Sur l'exercice du pouvoir
Toutefois, la création d'un ordre juste de la société et de l'État est le principal devoir de la politique, et ne peut donc être une responsabilité immédiate de l'Église. la doctrine sociale catholique ne veut pas conférer à l'Église un pouvoir sur l'État, mais souhaite seulement purifier et illuminer la raison, en offrant la propre contribution à la formation des consciences, afin que les authentiques exigences de justice soient perçues,
Sur l'expression de la solidarité…
Un effet positif collatéral de la globalisation se manifeste de nos temps dans la sollicitude envers le prochain, dépassant les frontières des communautés nationales et qui tend à élargir son horizon au monde entier. Les structures de l'État et des associations humanitaires développent de différentes façons la solidarité exprimée pour la société civile: ainsi de très nombreuses organisations à but caritatif et philanthropique sont nées. De plus, au sein de l'Église catholique et dans d'autres communautés ecclésiales de nouvelles activités caritatives ont pris forme. Il est fort souhaitable qu'une collaboration fructueuse s'instaure entre toutes ces instances. Naturellement il est important que l'activité caritative de l'Église ne perde pas sa propre identité en se dissolvant dans l'organisation commune d'assistance, en devenant une simple variante, mais qu'elle conserve toute la splendeur de l'essence de la charité chrétienne et ecclésiale.
Sur le particularisme chrétien…
L'activité caritative chrétienne doit être indépendante de partis et d'idéologies. Le programme du chrétien -le programme du bon samaritain, le programme de Jésus- est 'un cœur qui voit'. Ce cœur voit là où il y a besoin d'amour et agit en conséquence. L'activité caritative chrétienne, en outre, ne doit pas être un moyen en fonction de ce qui est appelé aujourd'hui le prosélytisme. L'amour est gratuit; il n'est pas exercé pour atteindre d'autres objectifs. Mais cela ne signifie pas que l'action caritative doive, pour ainsi dire, laisser de côté Dieu et le Christ. Le chrétien connaît le moment opportun pour parler de Dieu et quand il ne faut pas en parler, mais seulement laisser parler l'amour. L'hymne de la charité de Saint Paul doit être la Magna Carta de tout le service ecclésial.

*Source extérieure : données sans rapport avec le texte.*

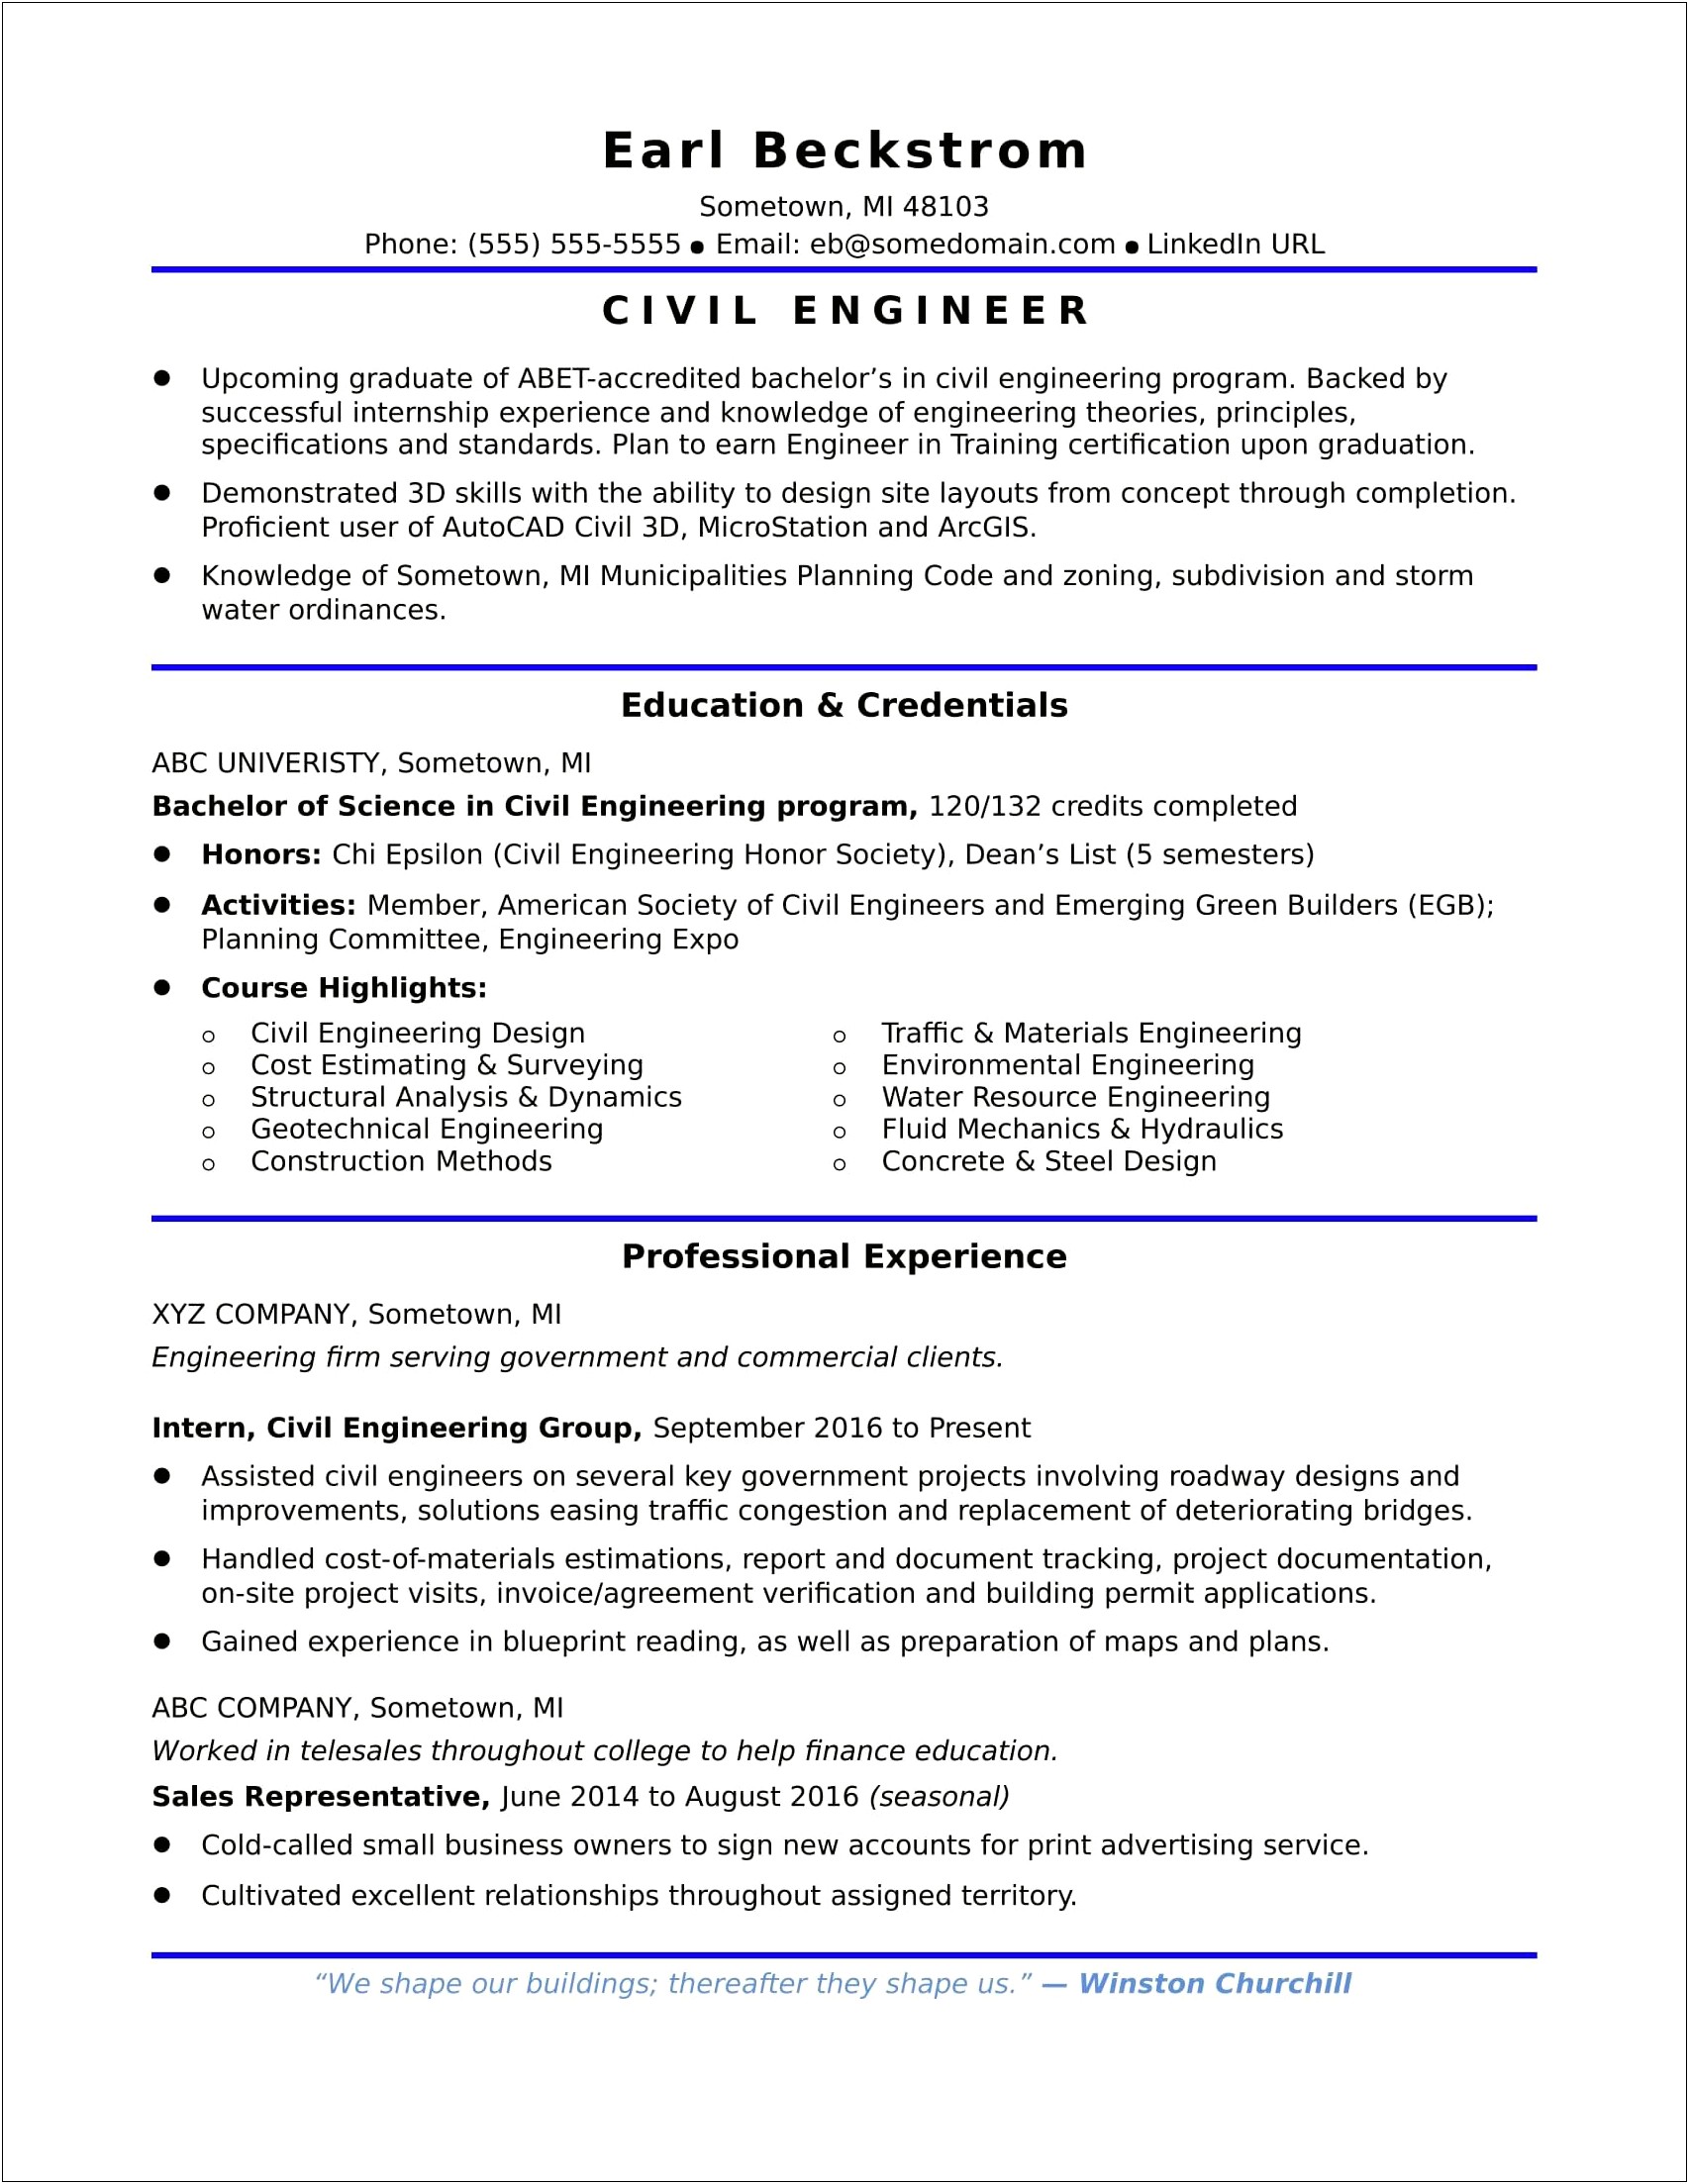 Begin Engineering Career Resume Objective

Sur la place de la prière…
Dans ce contexte, et face aux dangers du sécularisme qui peut conditionner également de nombreux chrétiens engagés dans le travail caritatif, il faut réaffirmer l'importance de la prière. Le contact vivant avec le Christ évite que l'expérience des considérables nécessités et des propres limites peuvent d'un côté pousser l'opérateur dans l'idéologie qui prétend de faire maintenant ce que Dieu, semble-t-il, ne réussit pas à faire et de l'autre côté, peuvent avoir la tentation de céder à l'inertie et à la résignation. Qui prie ne perd pas son temps, même si la situation semble ne pousser qu'à l'action, et sans prétendre de changer ou de corriger les plans de Dieu, mais il cherche -sur l'exemple de Marie et des saints- à puiser en Dieu la lumière et la force de l'amour qui vainc chaque obscurité et égoïsme présents dans le monde.